It's possible today to index free-form objects but it is a well kept secret, and looks more like a hackish workaround and lacks some explicit API help.
Today (i.e. with version 4.3.x) this is the possible solution:
For indexing, you need a "placeholder object" which has a rather
smart custom @ClassBridge.
Analyzers could also be custom, as Numeric types, etc..
ModeShape uses this approach, and we added some tests in Search Engine as example as Hibernate Search users occasionally also asked for more dynamic properties.
If you have a purely dynamic schema - likely as you're building a framework on top of Hibernate Search - you would use sich placeholders exclusively.
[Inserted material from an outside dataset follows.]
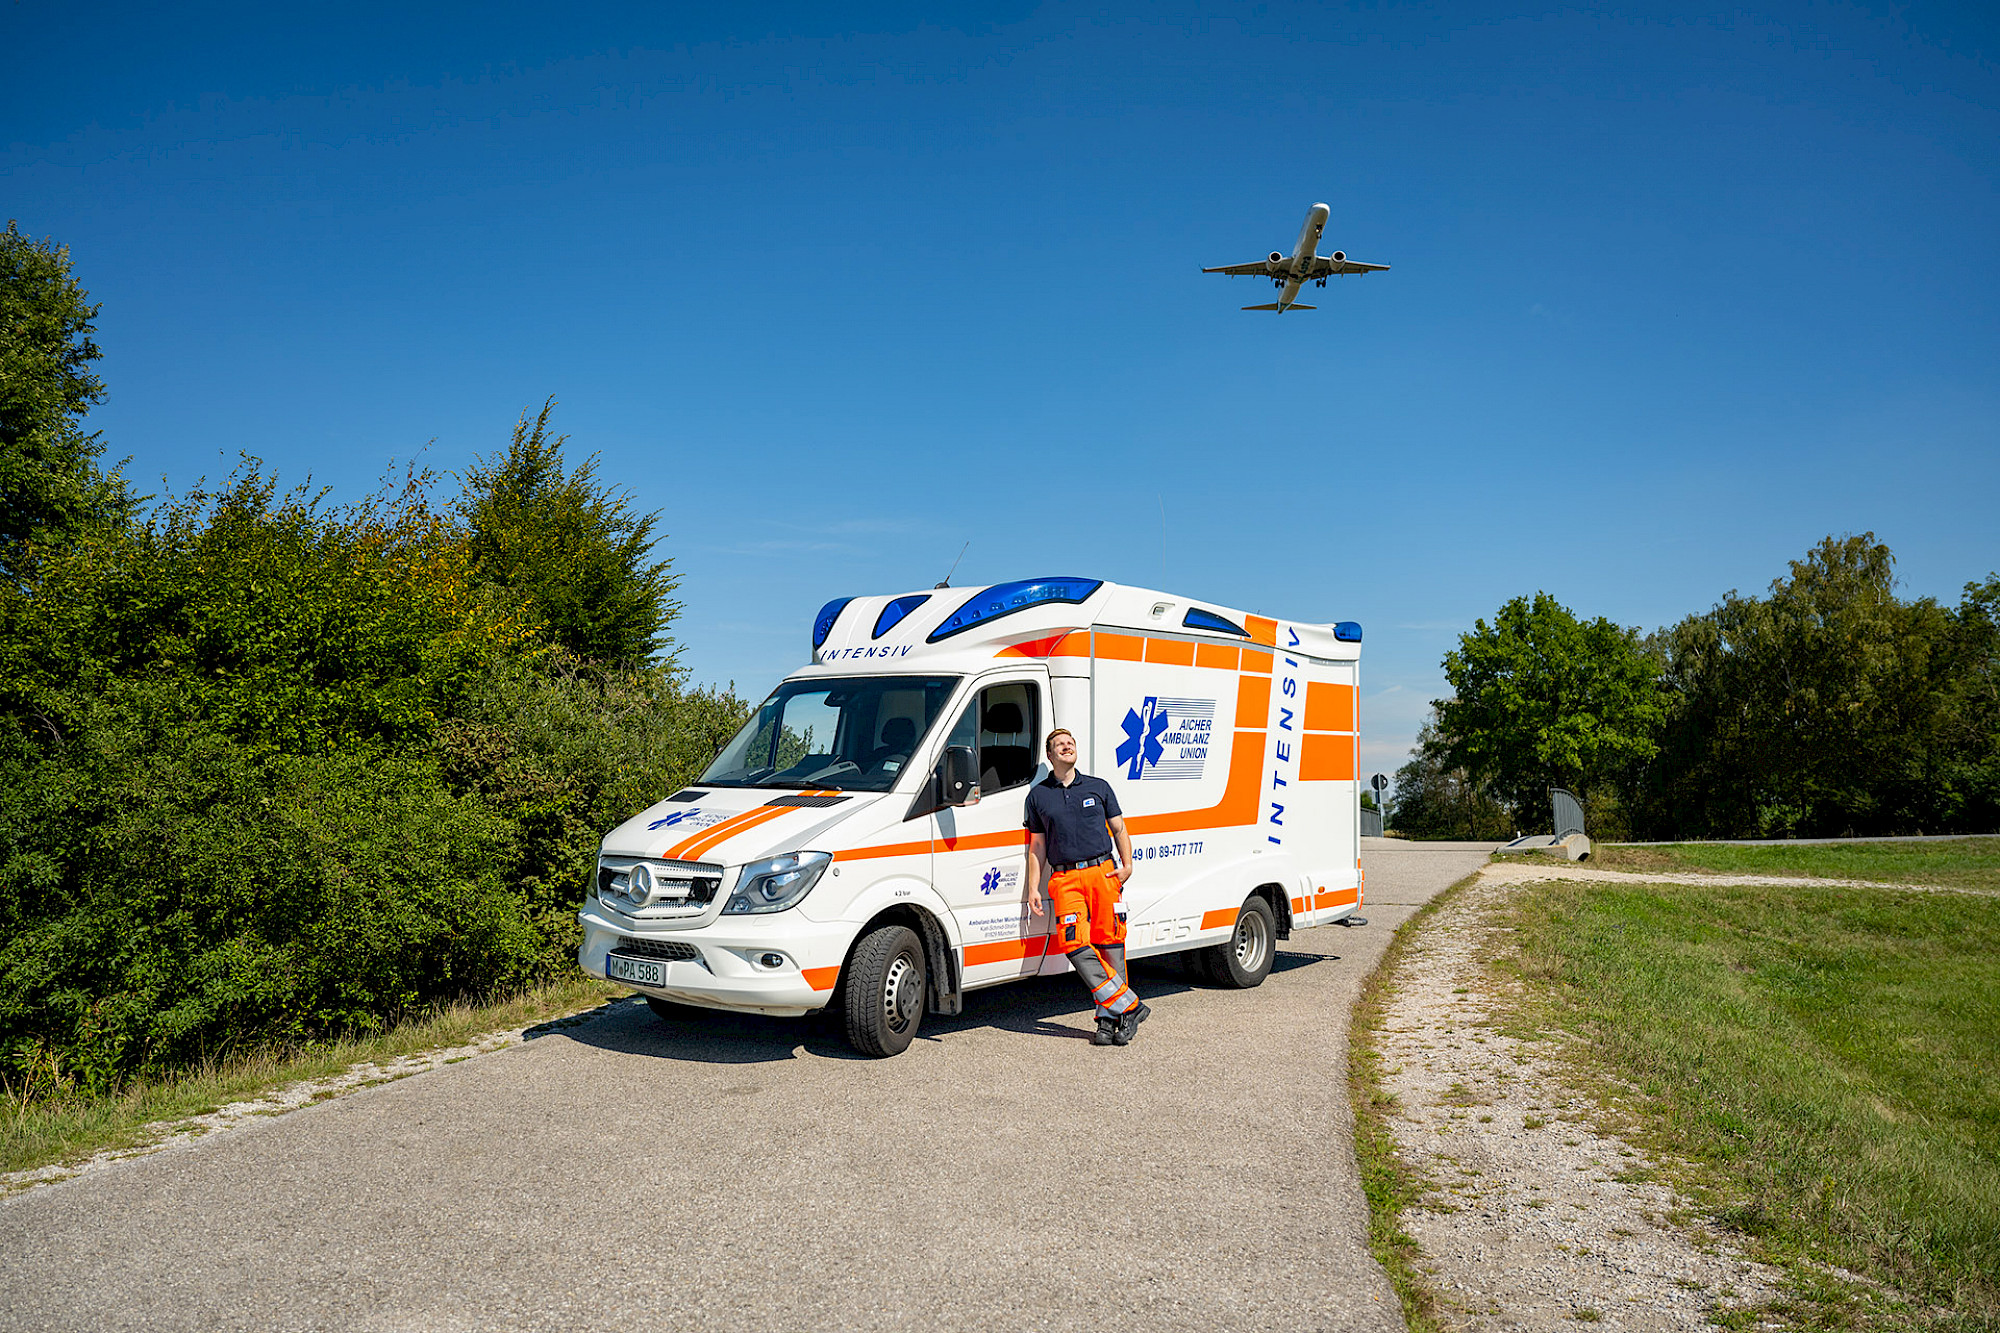 Ein Rettungssanitäter steht vor dem Rettungswagen, während im Hintergrund ein Flugzeug startet.

Since you have a single placeholder object, you'll only be able to
target this type and will return lists of this type. This means that
user types are built on top of this type as an additional layer:
probably a special field to represent which protostream schema we're
referring to, the HQL query transformer will then either add a
restriction or enable a filter.
There is room for improvement in the lower level details, for example
by exposing some control over the usage of custom field
I guess also the results Loader could take advantage of this, but
doesn't seem an urgently needed patch either.
Query DSL + metadata API
These APIs don't provide any useful helper for purely dynamic input. Needs to be explored.
Tika and filesystem-stored documents
To be kept in mind as interesting input examples